他赶上了,那就好。
八年前,他毁掉她,八年后,他至少阻止了别人再毁掉她第二次。
「开张验伤单给我,回头我跟大哥联络联络感情。」加上手机里的对话纪录,足够掐牢赵之鸿,确保他短时间不会再干蠢事。
吕丰年审视他,眼神里有探索、也带些许玩味。「我很意外,你会插手管这件事。」
赵之寒自嘲:「我自己都意外。」话锋一转,风马牛不相及地冒出一句:「听说,她想做人工受孕?」
吕丰年挑眉。「你哪听来的?」他不认为小晚会拿这事四处说嘴。
「小畜生偶尔也会做点人事,您堂堂的人类,就别跟我们混一块了吧,『舅舅』。」他直起身,往病房走去。

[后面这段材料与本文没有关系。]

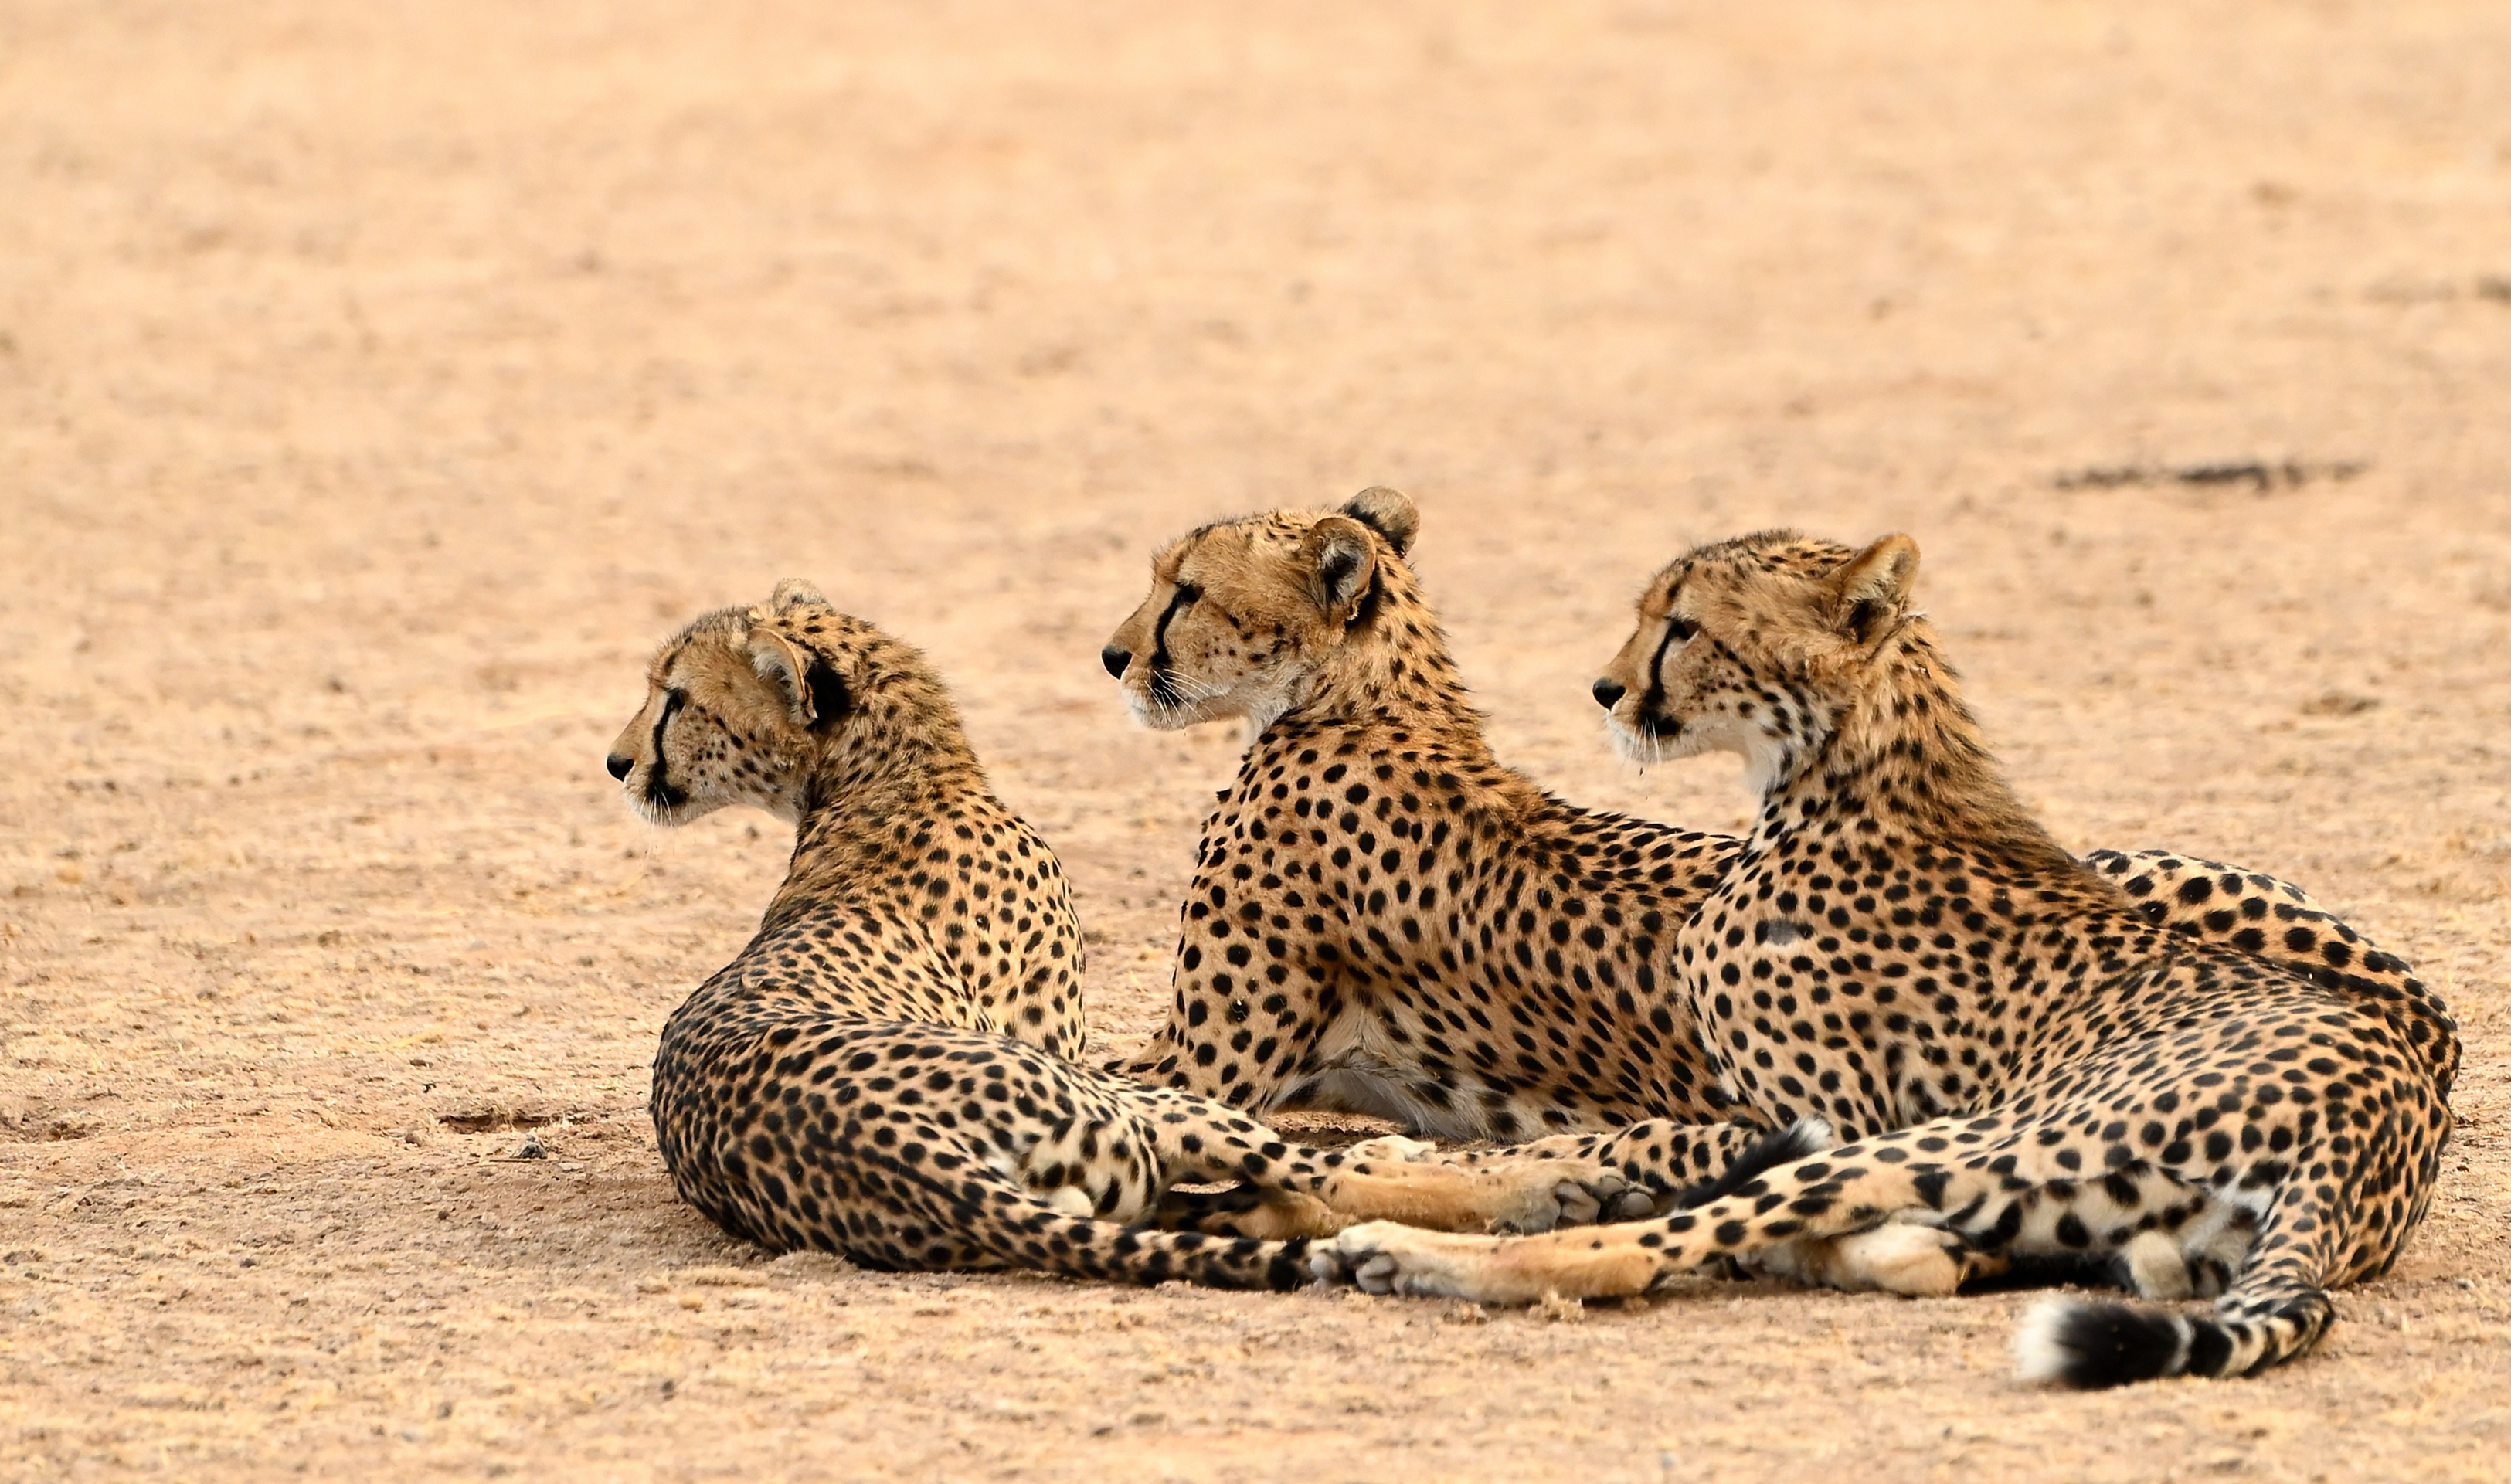 Big Cat Cheetah Wildlife Predator Animal 3250x1921

吕丰年愣了好一会儿,才反应过来,没好气地笑骂:畜生!」好好讲话会死吗?分明是拐着弯在刺他「你日日挂在嘴边的畜生都会做人事了,你好好的人不要犯贱去当畜生。
是说——
他玩味地打量那道消失在病房内的身影。
这个一向不管旁人死活的小混蛋,什么时候,也懂得替别人着想了?
房门开启,细微的动静,立刻让她自浅眠中惊醒。
是他。
那人的身影落入眸心,他就站在门口,没再试图走近。
「我想喝水……」轻弱的嗓,逸出声。她头好晕,没力气动。
赵之寒这才移步,走到床前倒水,插上吸管凑近她唇边。「舅舅有替你安排看护,晚一点会过来。」
江晚照点点头,喝完水,又闭上眼。
他蒋杯子搁回床头。「没事的话,我走了。」
她很快地又睁开眼,喊住他:「赵之寒!」
他停步,回眸。
「你……为什么不说?」明明不是他,他为什么不解释?
「没差。」他同样也是她认定的那些败类之流,这种事他不是没对她做过,只不过差在这一次不是他而已,做一次与做两次,有何差别?
「有。」她坚定地,望住他。「只要你没做,就有差。」
「……没有。」静默良久,他吐声。「这次不是我。」
他只是不以为,解释有用,不以为她会信。
「嗯。」她松了一口气。所以她真的赌赢了,对吧?
「谢谢。」这声谢,是真心的,至少这一晚,他守护了她,没让她遭遇更不堪的事。
他别开脸,不自在地道:「不必谢,这是我欠你的。」
今天他还了,从此以后两不相欠。
他能做的,也只有这么多了,再多,他还不起。